■ Your objective ■
The reply should contain every entry below exactly as written, with no images.

■ Records for this exercise ■
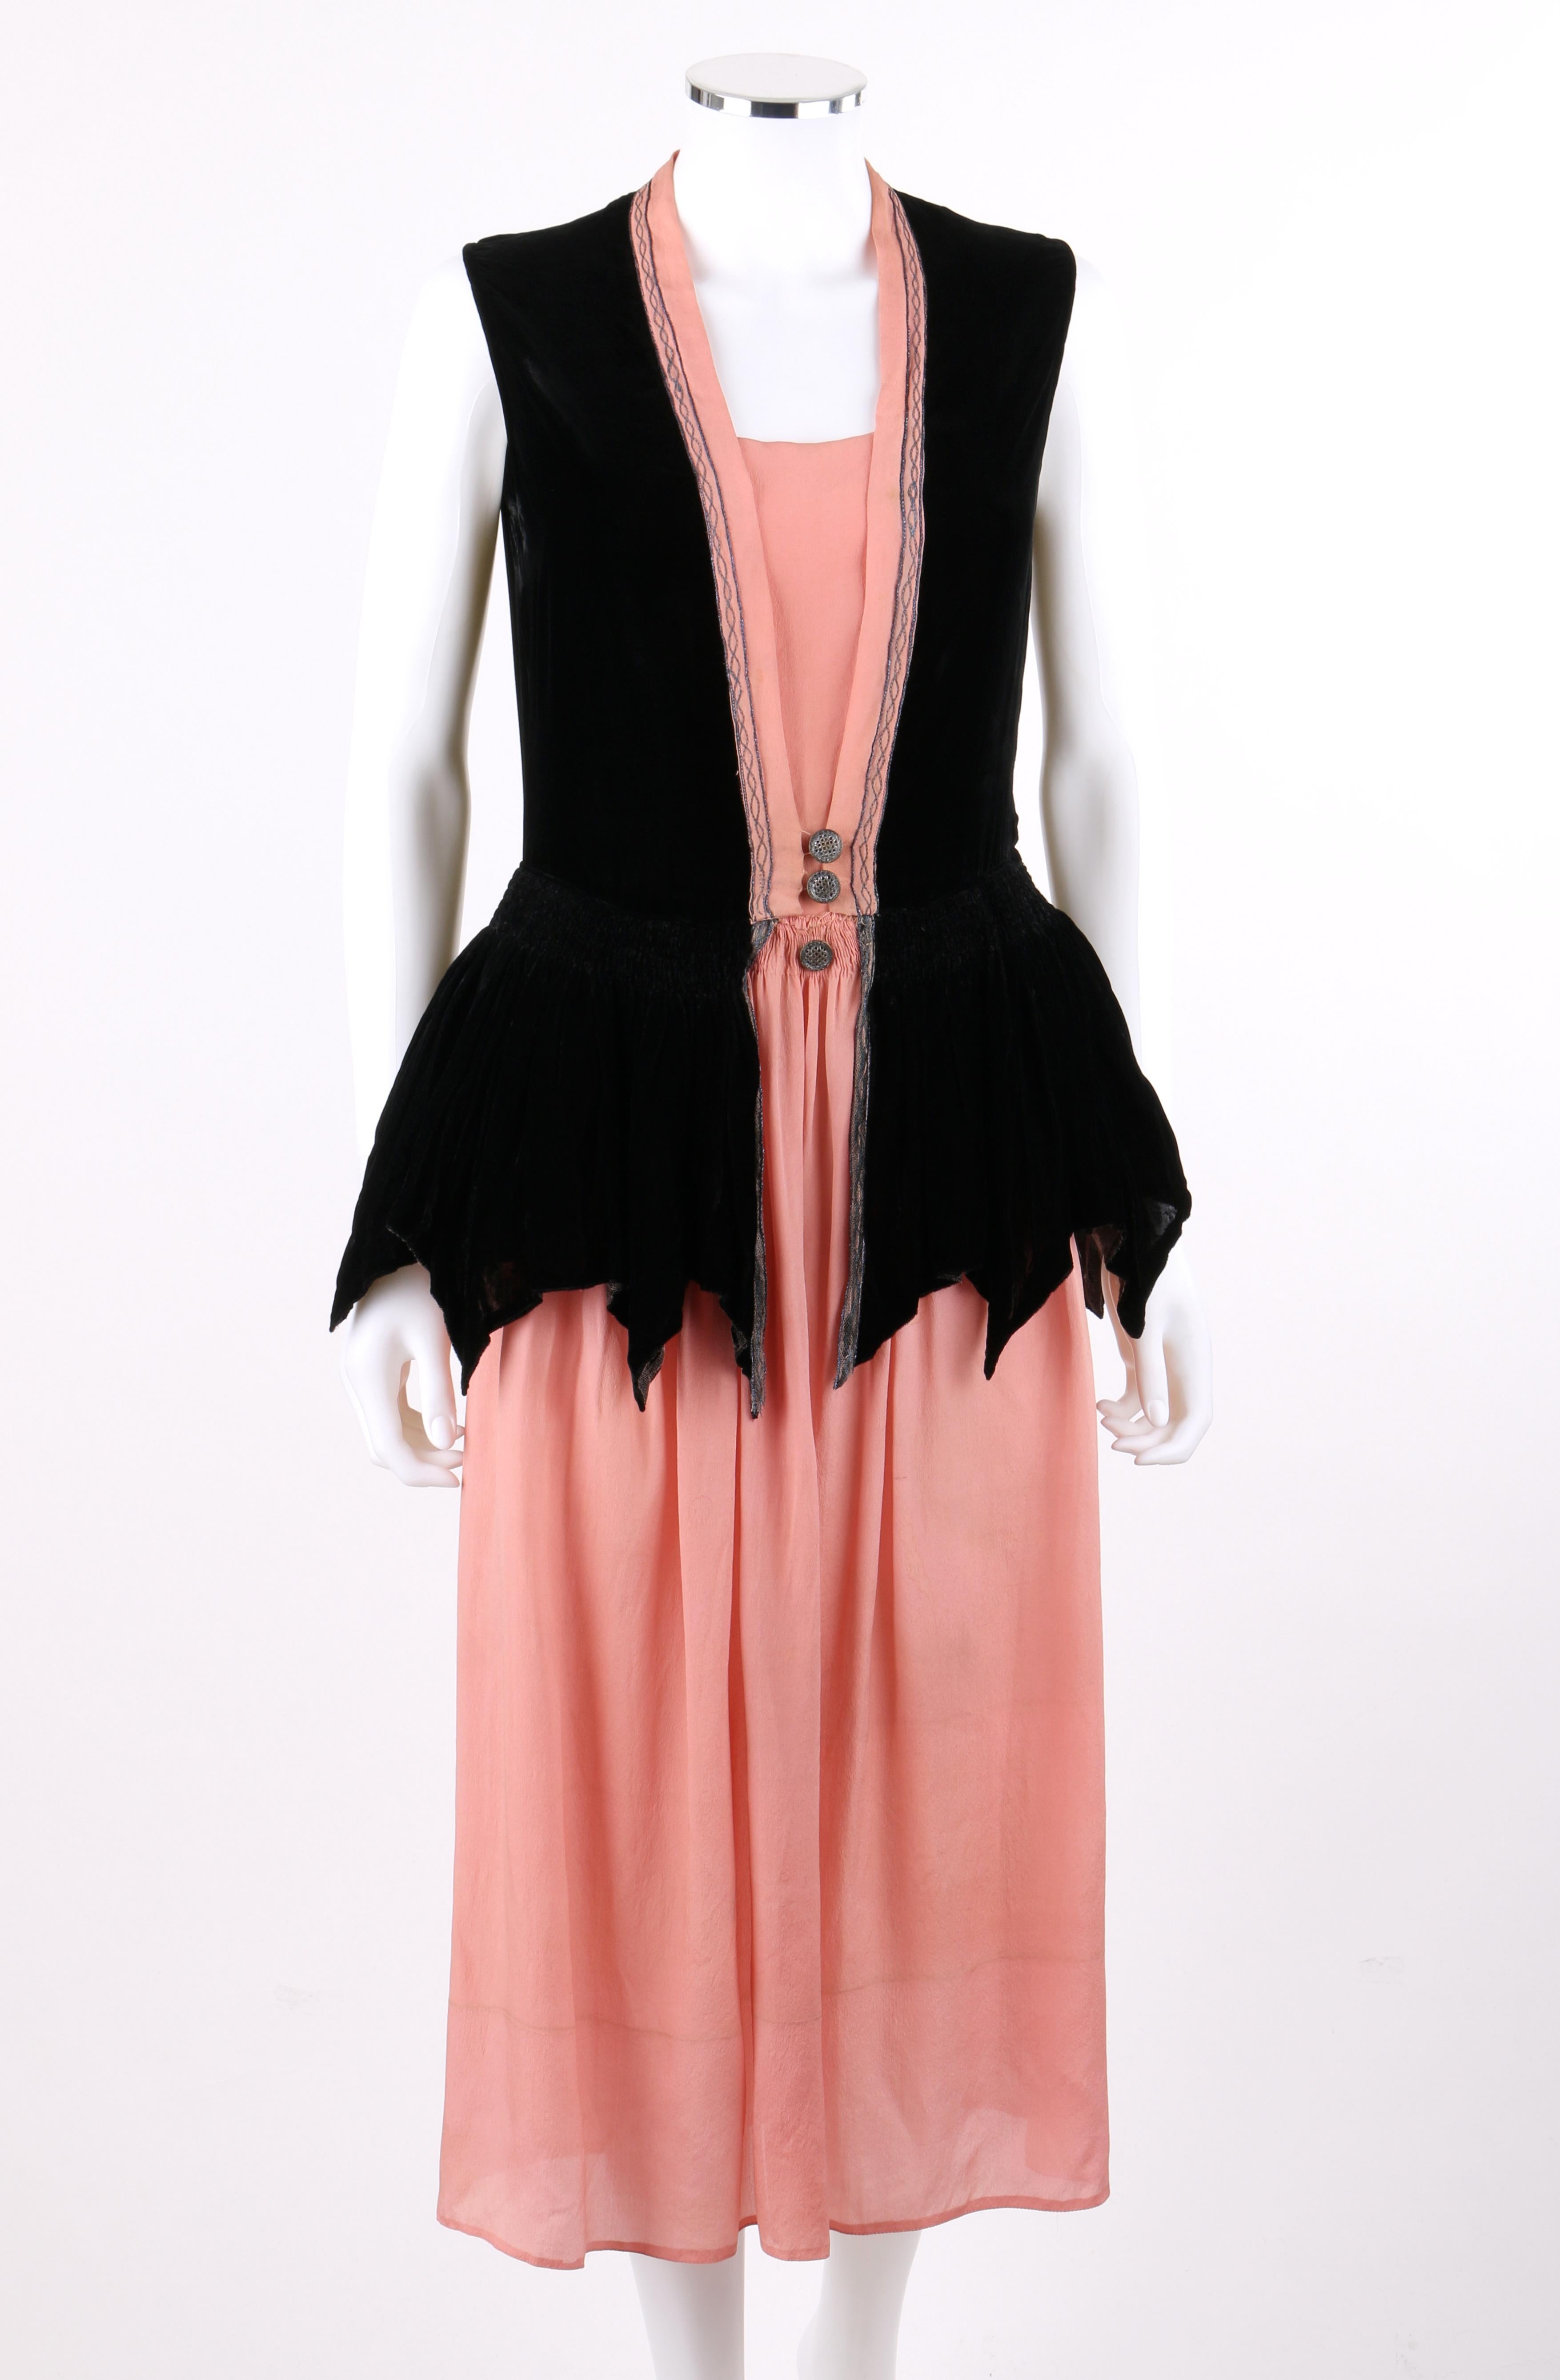 DESCRIPTION: BARNETT c.1910's Rose Pink & Black Silk Velvet Sleeveless Peplum Evening Dress 
 
Circa: c.1910's Edwardian / 1920's Flapper
Label(s): Barnett 
Style: Peplum dress
Color(s): Rose pink, black, and metallic blue
Lined: No
Unmarked Fabric
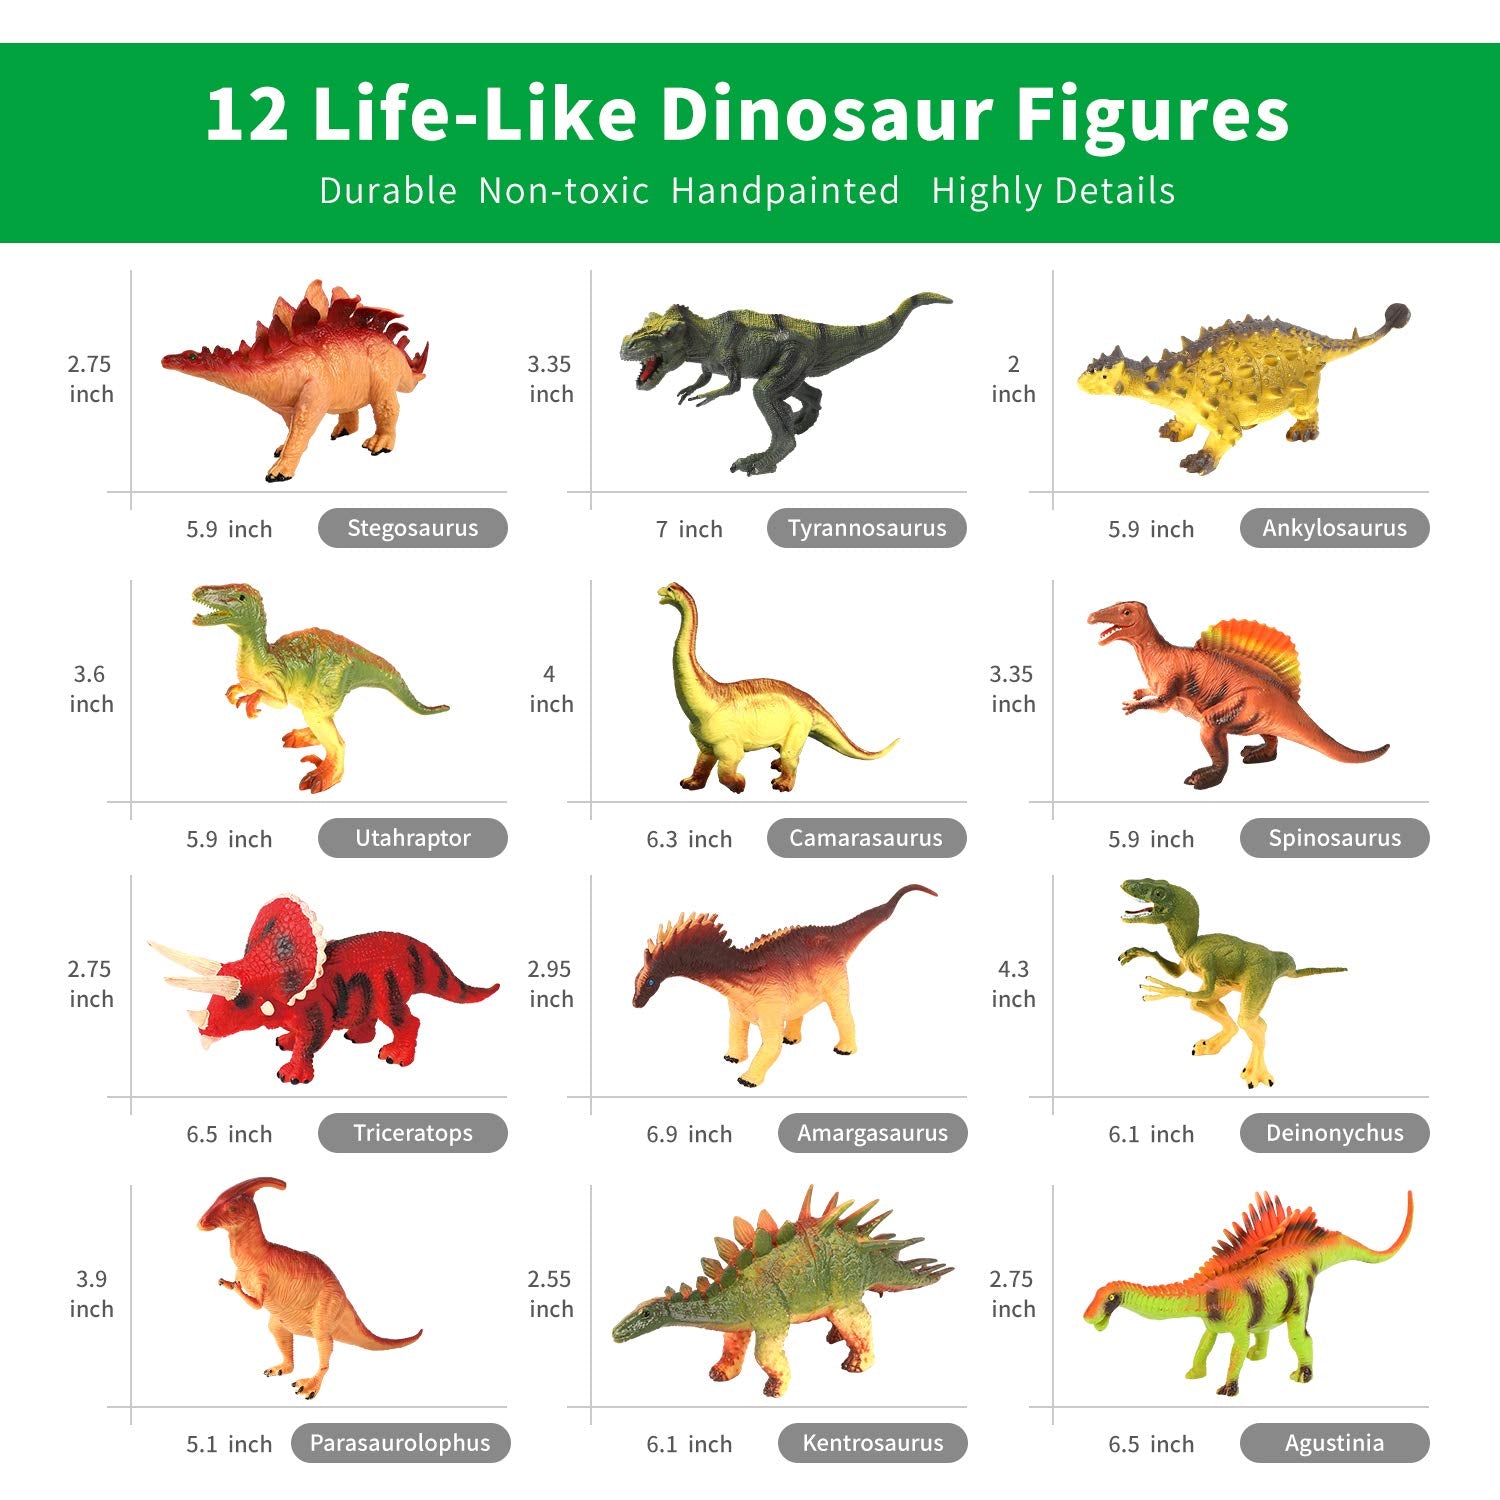 My Dinosaur Playbook
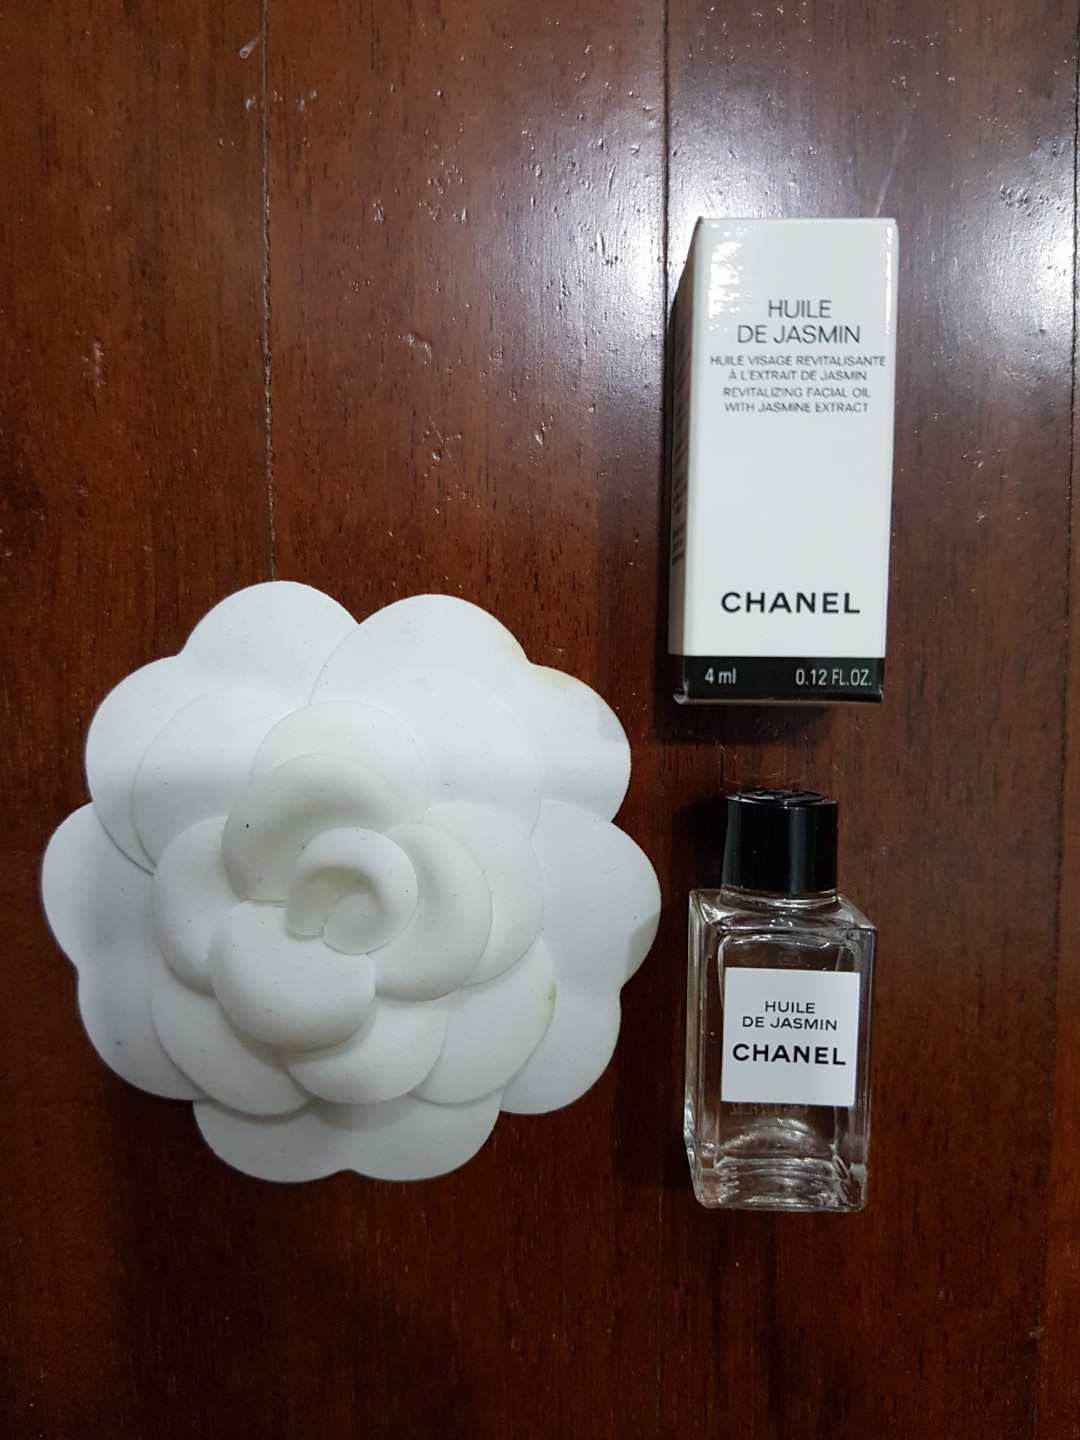 Chanel Huile De Jasmin Revitalizing Facial Oil With Jasmine Extract

■ Response box ■
 DESCRIPTION: BARNETT c.1910's Rose Pink & Black Silk Velvet Sleeveless Peplum Evening Dress 
 
Circa: c.1910's Edwardian / 1920's Flapper
Label(s): Barnett 
Style: Peplum dress
Color(s): Rose pink, black, and metallic blue
Lined: No
Unmarked Fabric
 My Dinosaur Playbook
 Chanel Huile De Jasmin Revitalizing Facial Oil With Jasmine Extract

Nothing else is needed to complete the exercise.